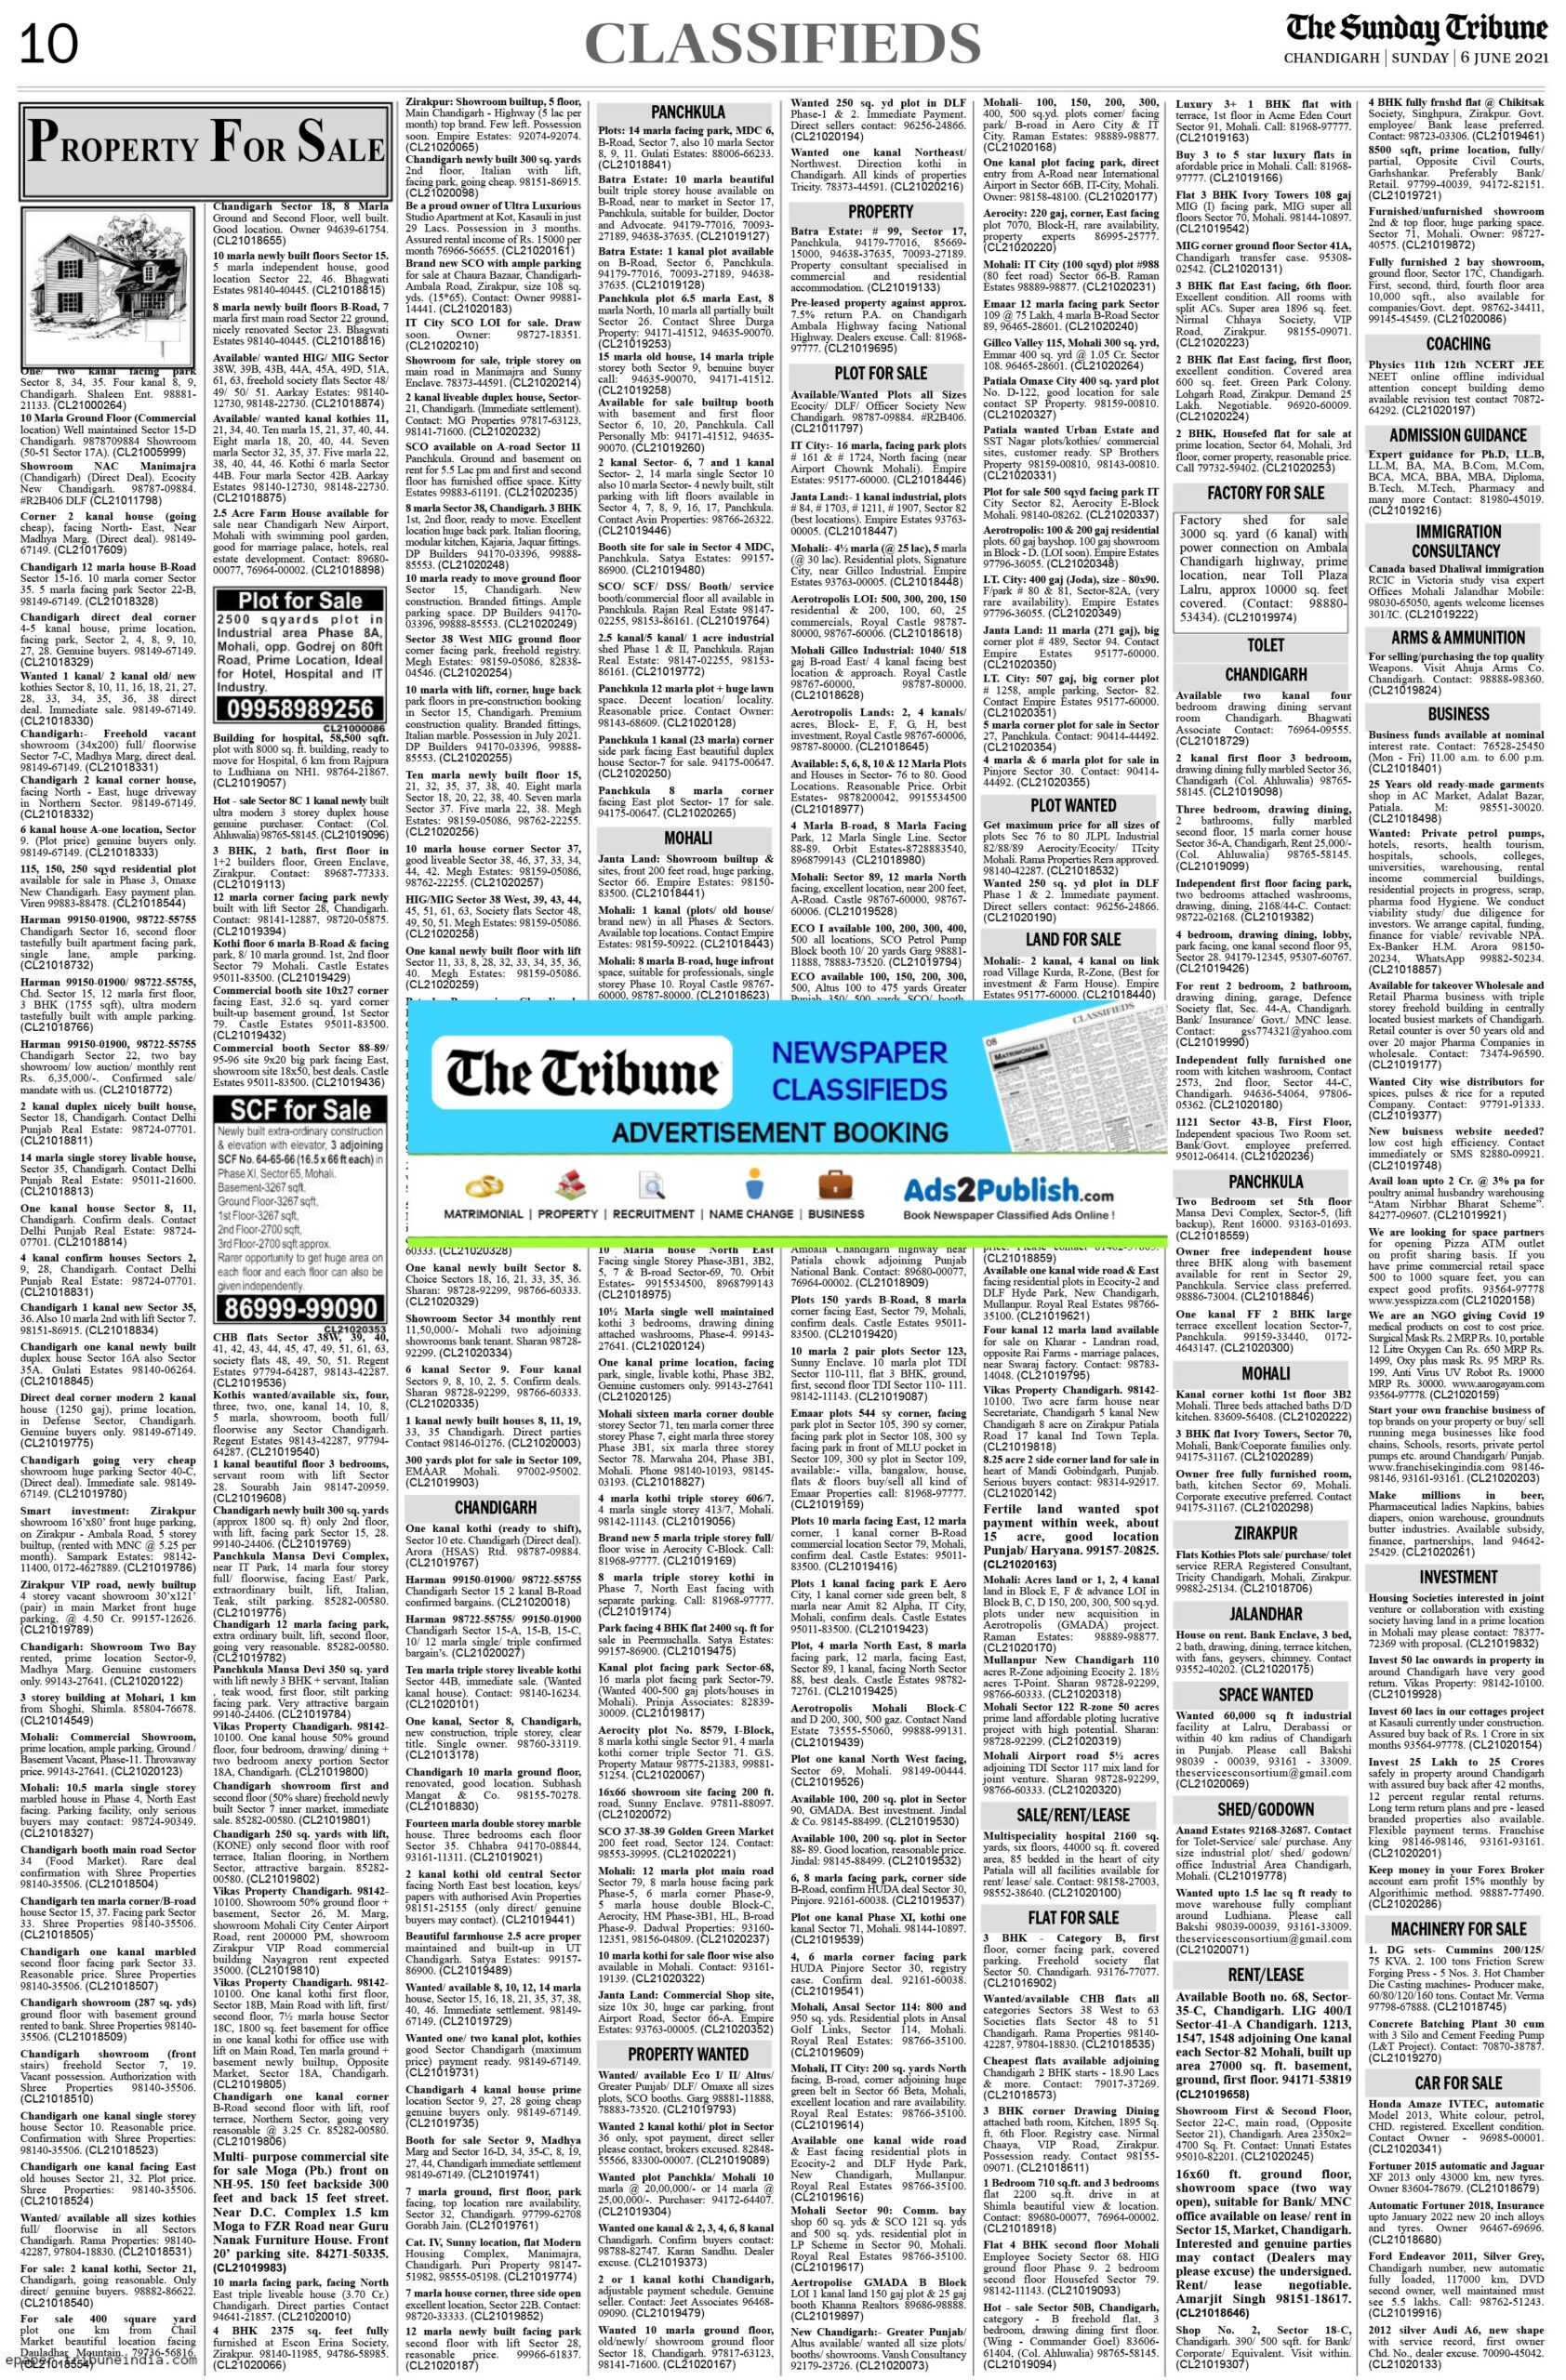 The Tribune, Chandigarh, India - Business
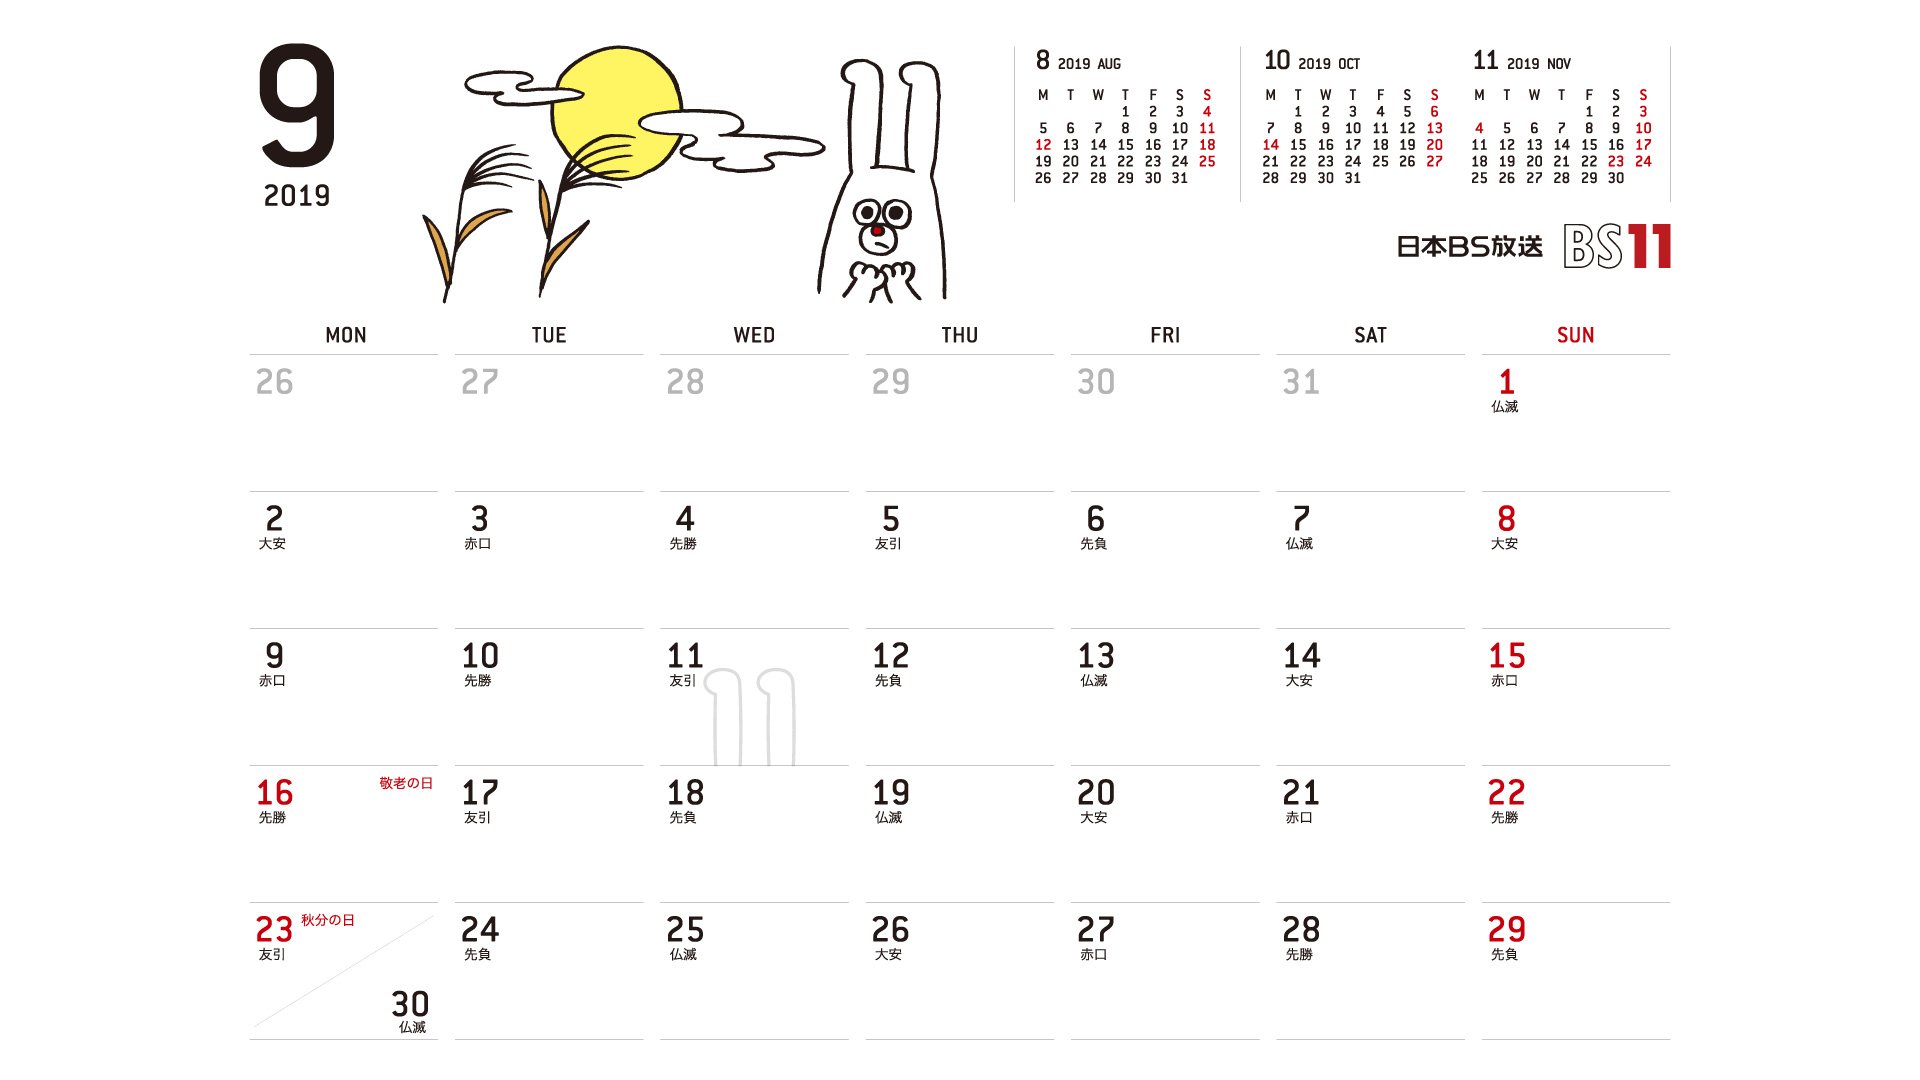 じゅういっちゃんのデジタルカレンダー2019年09月 Bs11 イレブン いつでも無料放送
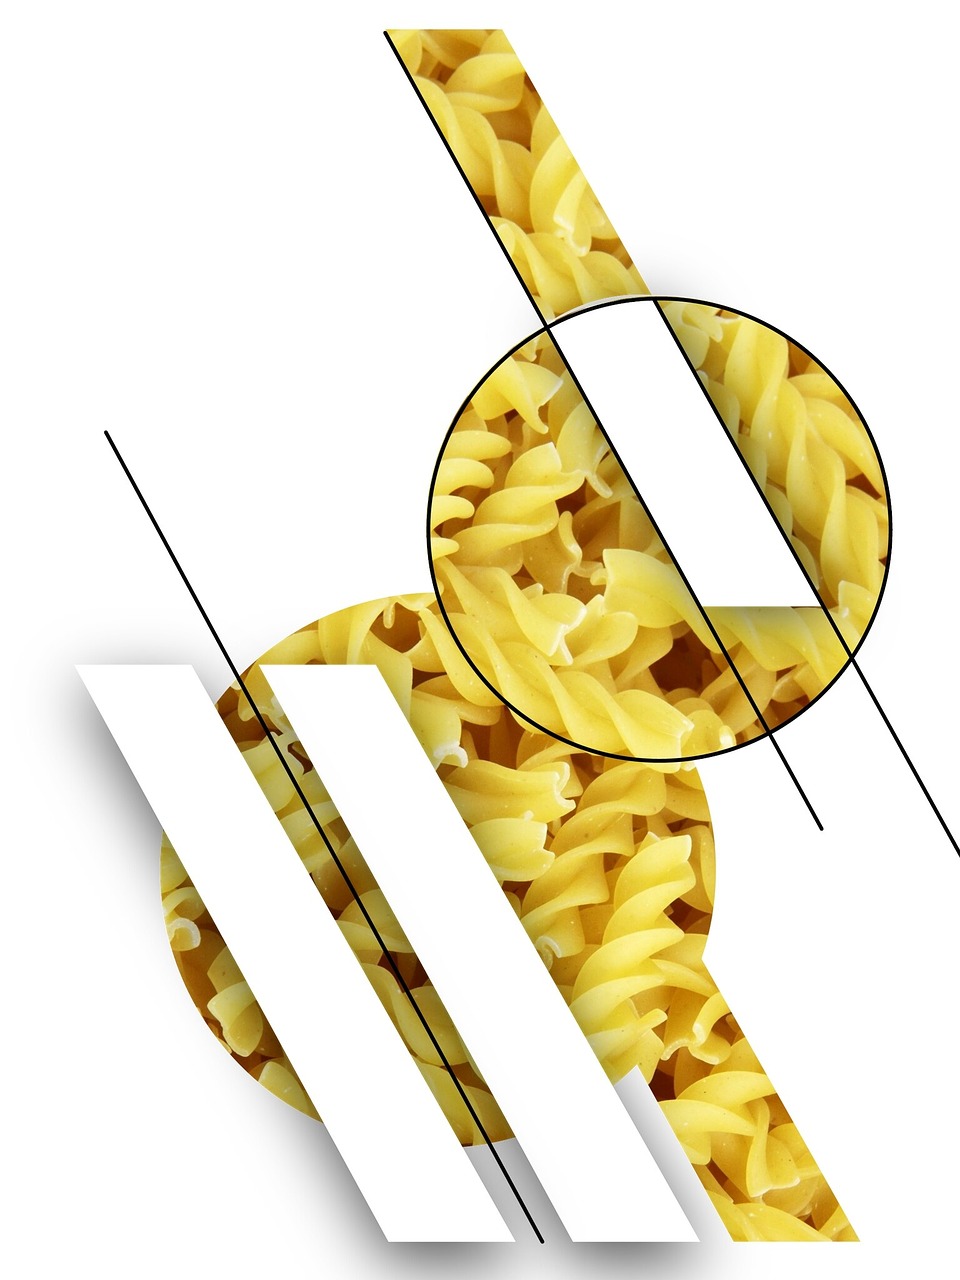 noodles spirals pasta free photo

What is being asked
Reproduce every line above exactly, pictures excluded.

Written response
 The Tribune, Chandigarh, India - Business
 じゅういっちゃんのデジタルカレンダー2019年09月 Bs11 イレブン いつでも無料放送
 noodles spirals pasta free photo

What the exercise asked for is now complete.